**Problem requirements**: Would you repeat exactly the part of the listing below that runs from the line containing "Make These 3D" down to the line containing "3 Will it be", inclusive, and nothing else?

**The input**:

⁂

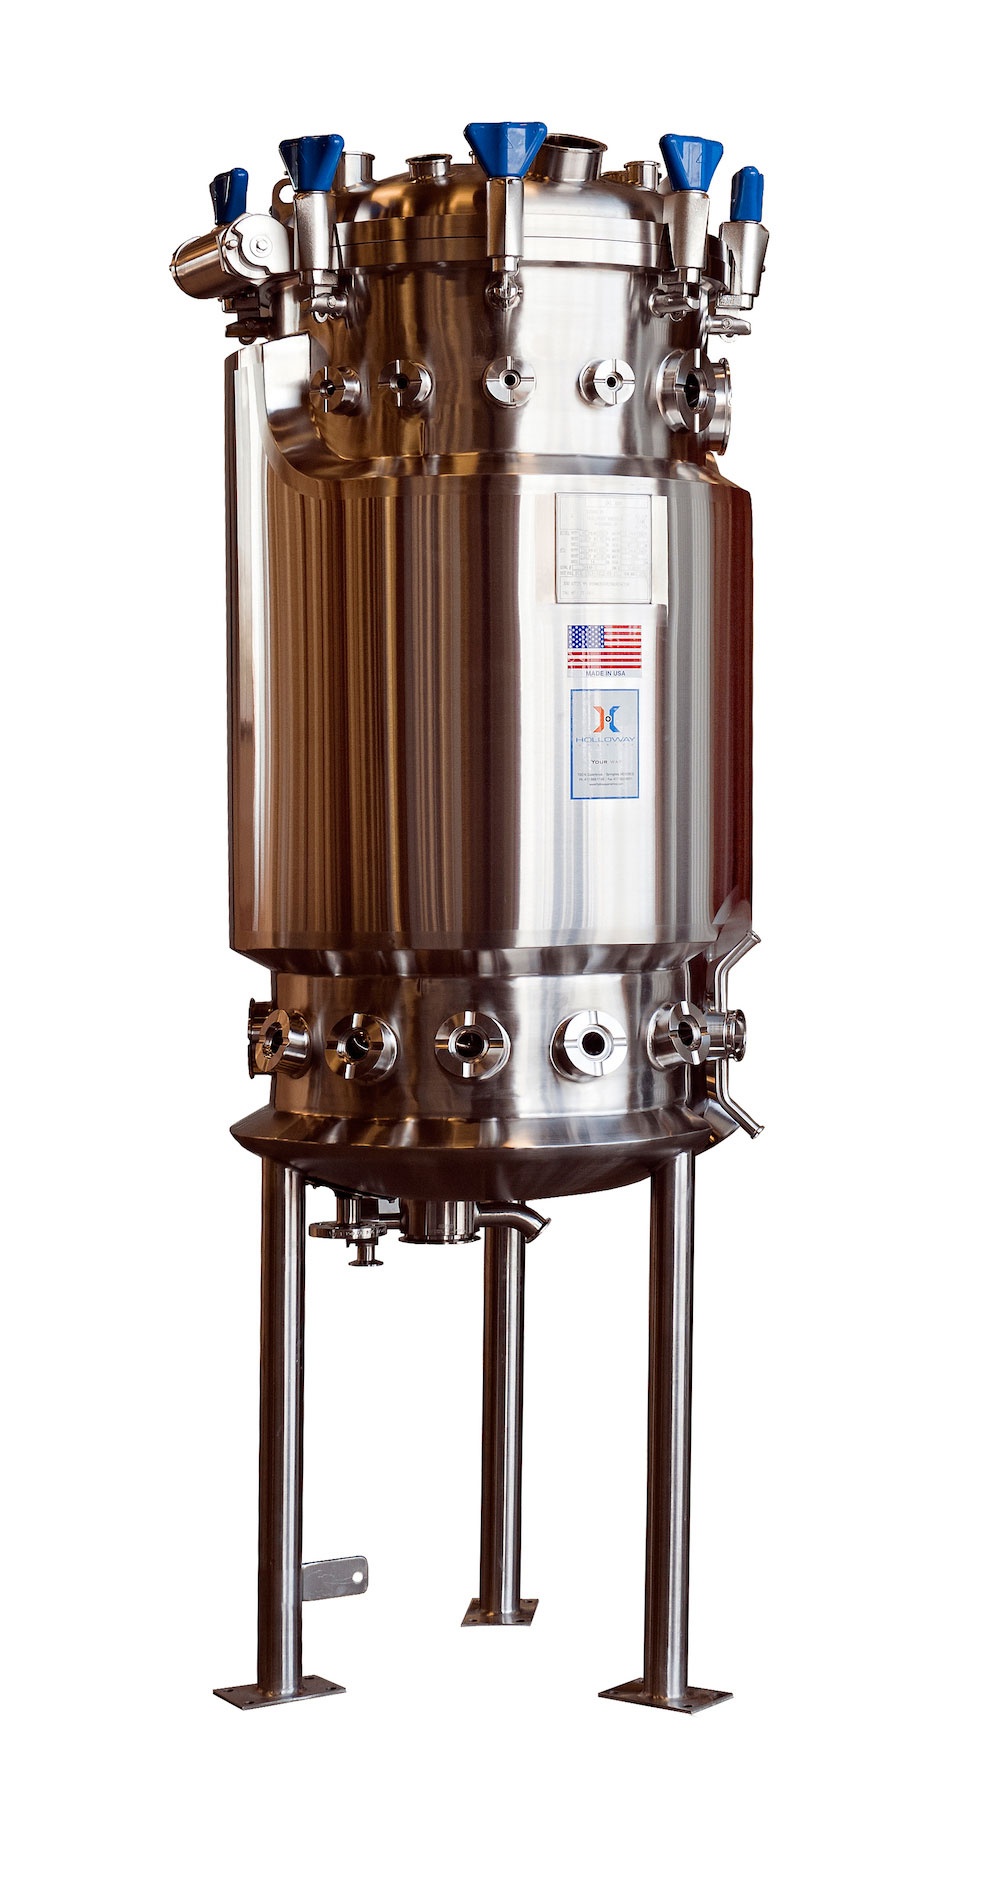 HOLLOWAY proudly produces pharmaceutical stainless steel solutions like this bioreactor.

⁂

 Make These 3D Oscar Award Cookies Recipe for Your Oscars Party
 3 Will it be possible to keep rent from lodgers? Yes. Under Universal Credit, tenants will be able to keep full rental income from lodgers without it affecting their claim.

⁂

**Solved exercise**:
 Make These 3D Oscar Award Cookies Recipe for Your Oscars Party
 3 Will it be possible to keep rent from lodgers? Yes. Under Universal Credit, tenants will be able to keep full rental income from lodgers without it affecting their claim.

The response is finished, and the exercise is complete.